%%

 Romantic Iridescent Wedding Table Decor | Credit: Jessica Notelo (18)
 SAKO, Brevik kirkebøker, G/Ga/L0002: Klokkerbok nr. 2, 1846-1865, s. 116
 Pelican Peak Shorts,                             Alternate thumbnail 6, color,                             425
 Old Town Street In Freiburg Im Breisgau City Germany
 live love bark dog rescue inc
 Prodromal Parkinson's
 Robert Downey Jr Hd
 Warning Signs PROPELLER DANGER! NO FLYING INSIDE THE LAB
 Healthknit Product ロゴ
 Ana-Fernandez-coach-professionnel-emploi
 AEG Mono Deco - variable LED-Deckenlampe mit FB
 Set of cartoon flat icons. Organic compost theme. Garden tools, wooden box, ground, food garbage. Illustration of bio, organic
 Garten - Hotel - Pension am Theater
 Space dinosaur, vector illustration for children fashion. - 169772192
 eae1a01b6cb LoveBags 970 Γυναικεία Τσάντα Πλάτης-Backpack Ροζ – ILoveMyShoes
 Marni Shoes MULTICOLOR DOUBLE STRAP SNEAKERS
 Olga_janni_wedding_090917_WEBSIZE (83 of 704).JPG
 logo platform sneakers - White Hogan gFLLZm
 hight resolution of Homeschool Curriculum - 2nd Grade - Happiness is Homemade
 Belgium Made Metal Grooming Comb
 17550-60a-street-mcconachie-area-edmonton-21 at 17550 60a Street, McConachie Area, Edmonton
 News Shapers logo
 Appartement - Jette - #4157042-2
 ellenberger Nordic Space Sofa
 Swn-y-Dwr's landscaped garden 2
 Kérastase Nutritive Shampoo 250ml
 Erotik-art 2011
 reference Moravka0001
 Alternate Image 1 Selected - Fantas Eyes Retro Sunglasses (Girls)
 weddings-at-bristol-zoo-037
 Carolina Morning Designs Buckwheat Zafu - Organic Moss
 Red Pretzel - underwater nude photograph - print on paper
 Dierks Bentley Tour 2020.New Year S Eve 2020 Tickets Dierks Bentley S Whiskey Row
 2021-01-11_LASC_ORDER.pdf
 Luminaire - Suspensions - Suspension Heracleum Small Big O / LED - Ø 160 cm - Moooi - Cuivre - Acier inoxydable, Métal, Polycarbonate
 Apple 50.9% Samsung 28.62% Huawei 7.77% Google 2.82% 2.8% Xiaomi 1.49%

%%

- Task requirements: In the listing above, find the line that contains "hight resolution of". Write it out exactly, along with each line after it up to and including the last.

- Answer for the task:
 hight resolution of Homeschool Curriculum - 2nd Grade - Happiness is Homemade
 Belgium Made Metal Grooming Comb
 17550-60a-street-mcconachie-area-edmonton-21 at 17550 60a Street, McConachie Area, Edmonton
 News Shapers logo
 Appartement - Jette - #4157042-2
 ellenberger Nordic Space Sofa
 Swn-y-Dwr's landscaped garden 2
 Kérastase Nutritive Shampoo 250ml
 Erotik-art 2011
 reference Moravka0001
 Alternate Image 1 Selected - Fantas Eyes Retro Sunglasses (Girls)
 weddings-at-bristol-zoo-037
 Carolina Morning Designs Buckwheat Zafu - Organic Moss
 Red Pretzel - underwater nude photograph - print on paper
 Dierks Bentley Tour 2020.New Year S Eve 2020 Tickets Dierks Bentley S Whiskey Row
 2021-01-11_LASC_ORDER.pdf
 Luminaire - Suspensions - Suspension Heracleum Small Big O / LED - Ø 160 cm - Moooi - Cuivre - Acier inoxydable, Métal, Polycarbonate
 Apple 50.9% Samsung 28.62% Huawei 7.77% Google 2.82% 2.8% Xiaomi 1.49%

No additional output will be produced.